**Work task**:
Without the pictures, write the listing out again exactly as it appears.

**Material provided**:
====

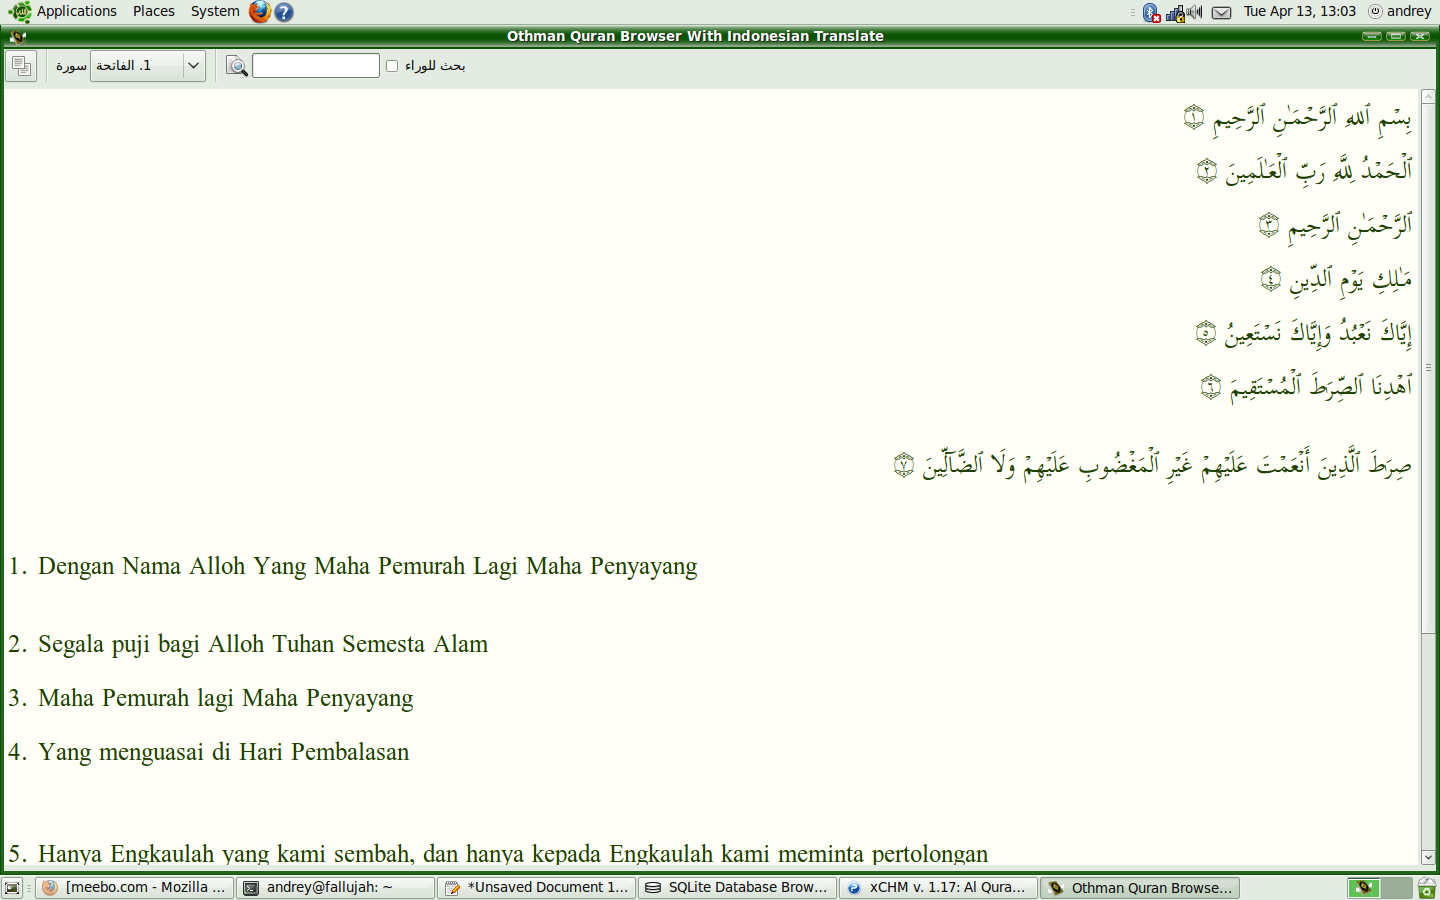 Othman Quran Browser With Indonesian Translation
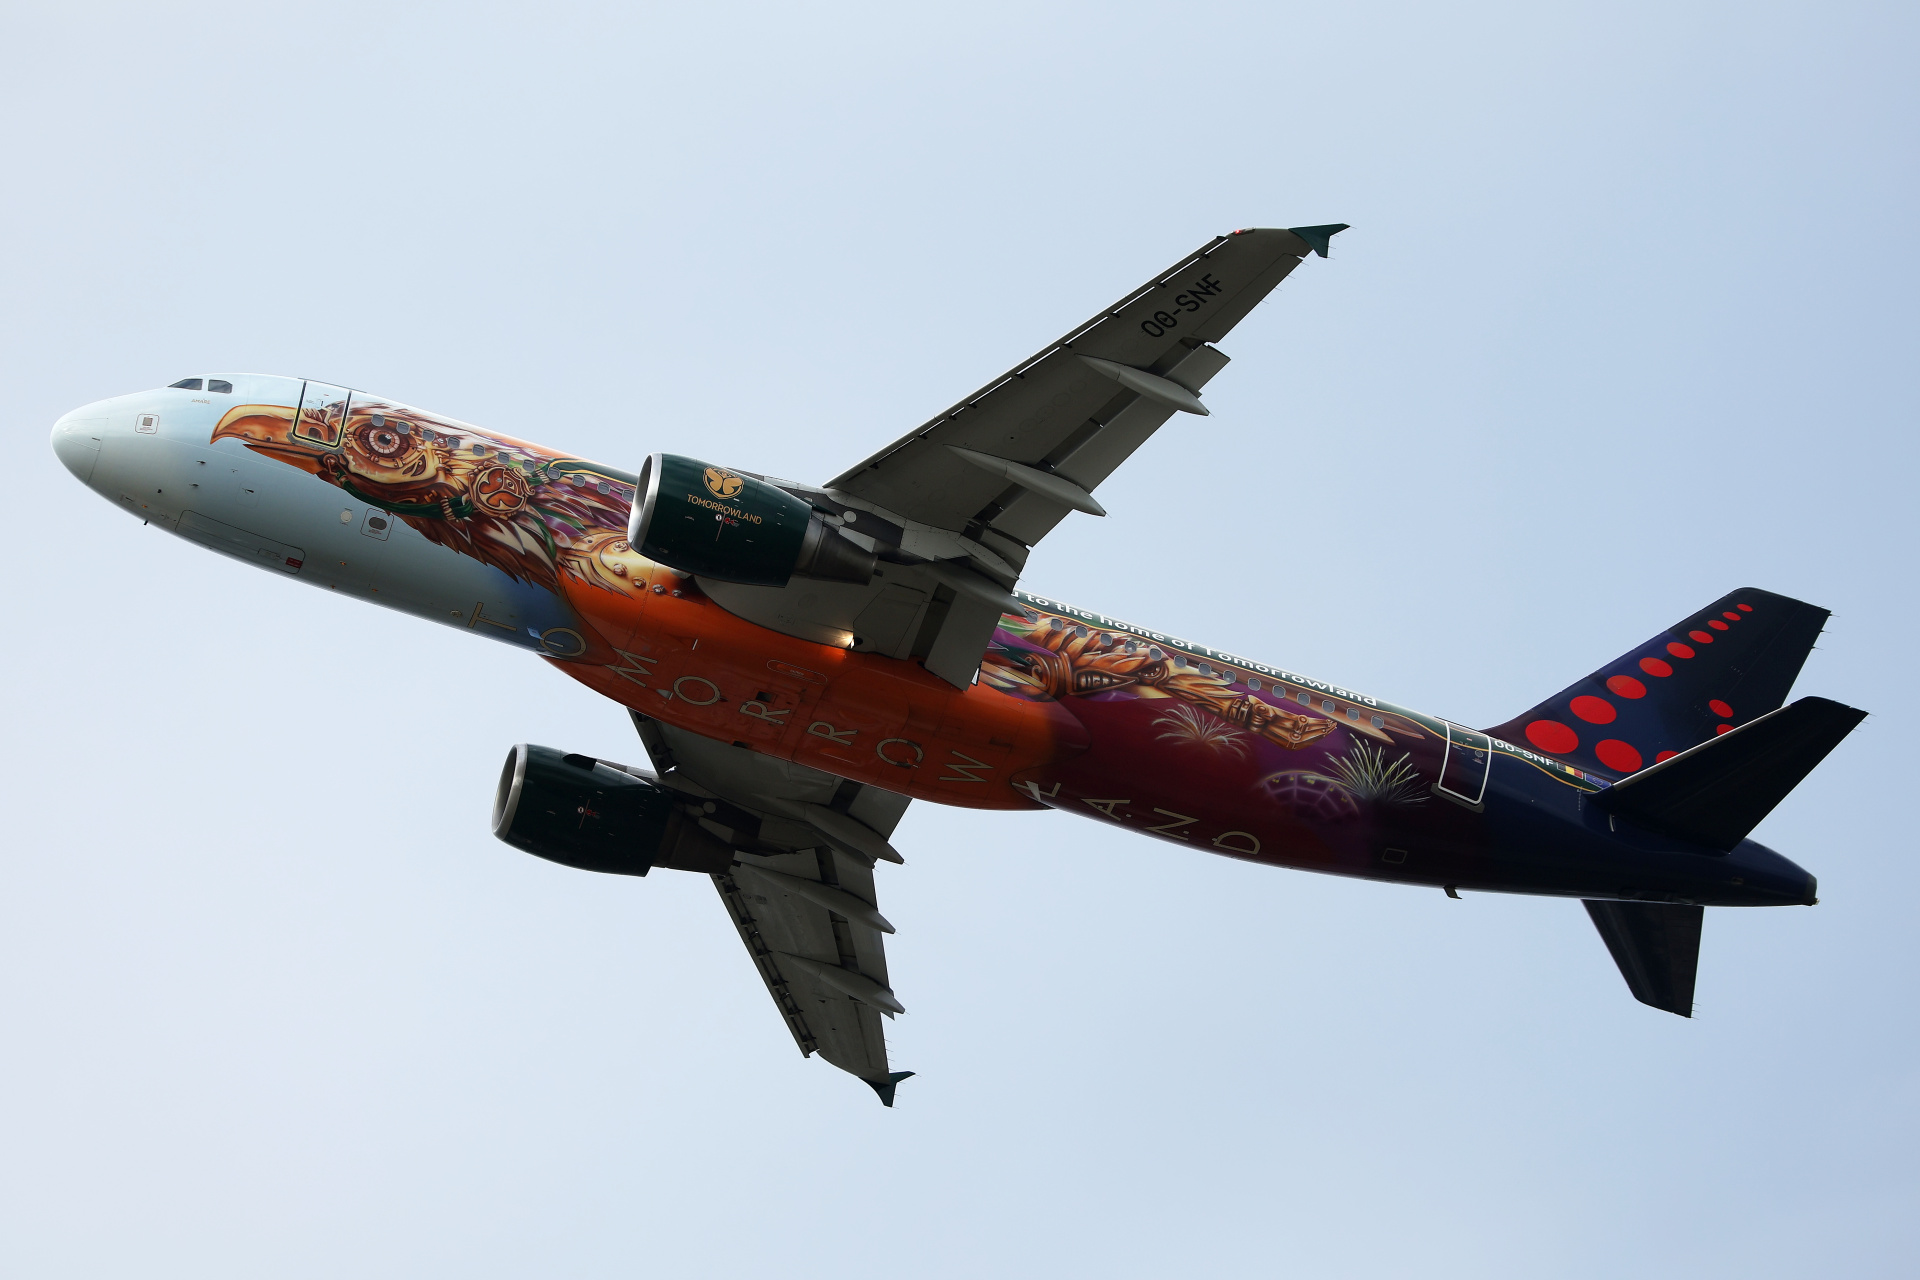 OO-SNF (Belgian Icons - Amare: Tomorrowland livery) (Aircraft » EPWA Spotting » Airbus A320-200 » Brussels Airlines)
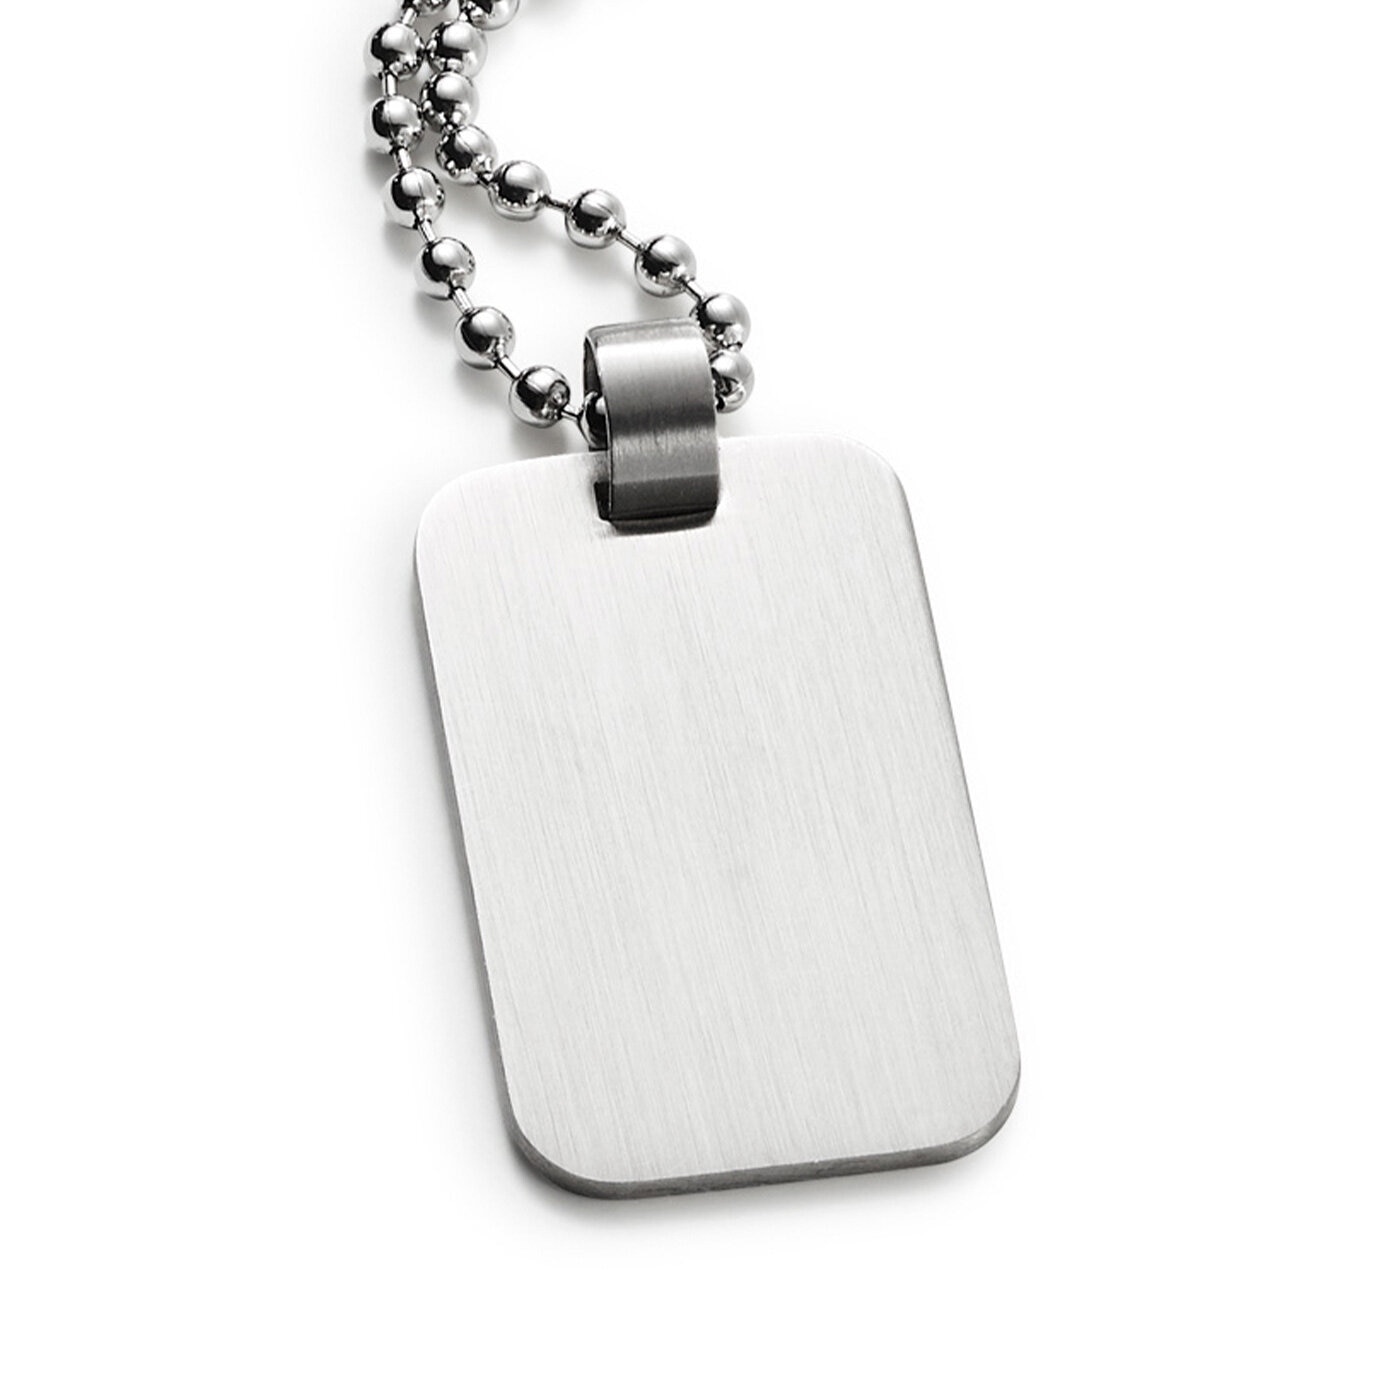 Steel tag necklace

====

**Result of the task**:
 Othman Quran Browser With Indonesian Translation
 OO-SNF (Belgian Icons - Amare: Tomorrowland livery) (Aircraft » EPWA Spotting » Airbus A320-200 » Brussels Airlines)
 Steel tag necklace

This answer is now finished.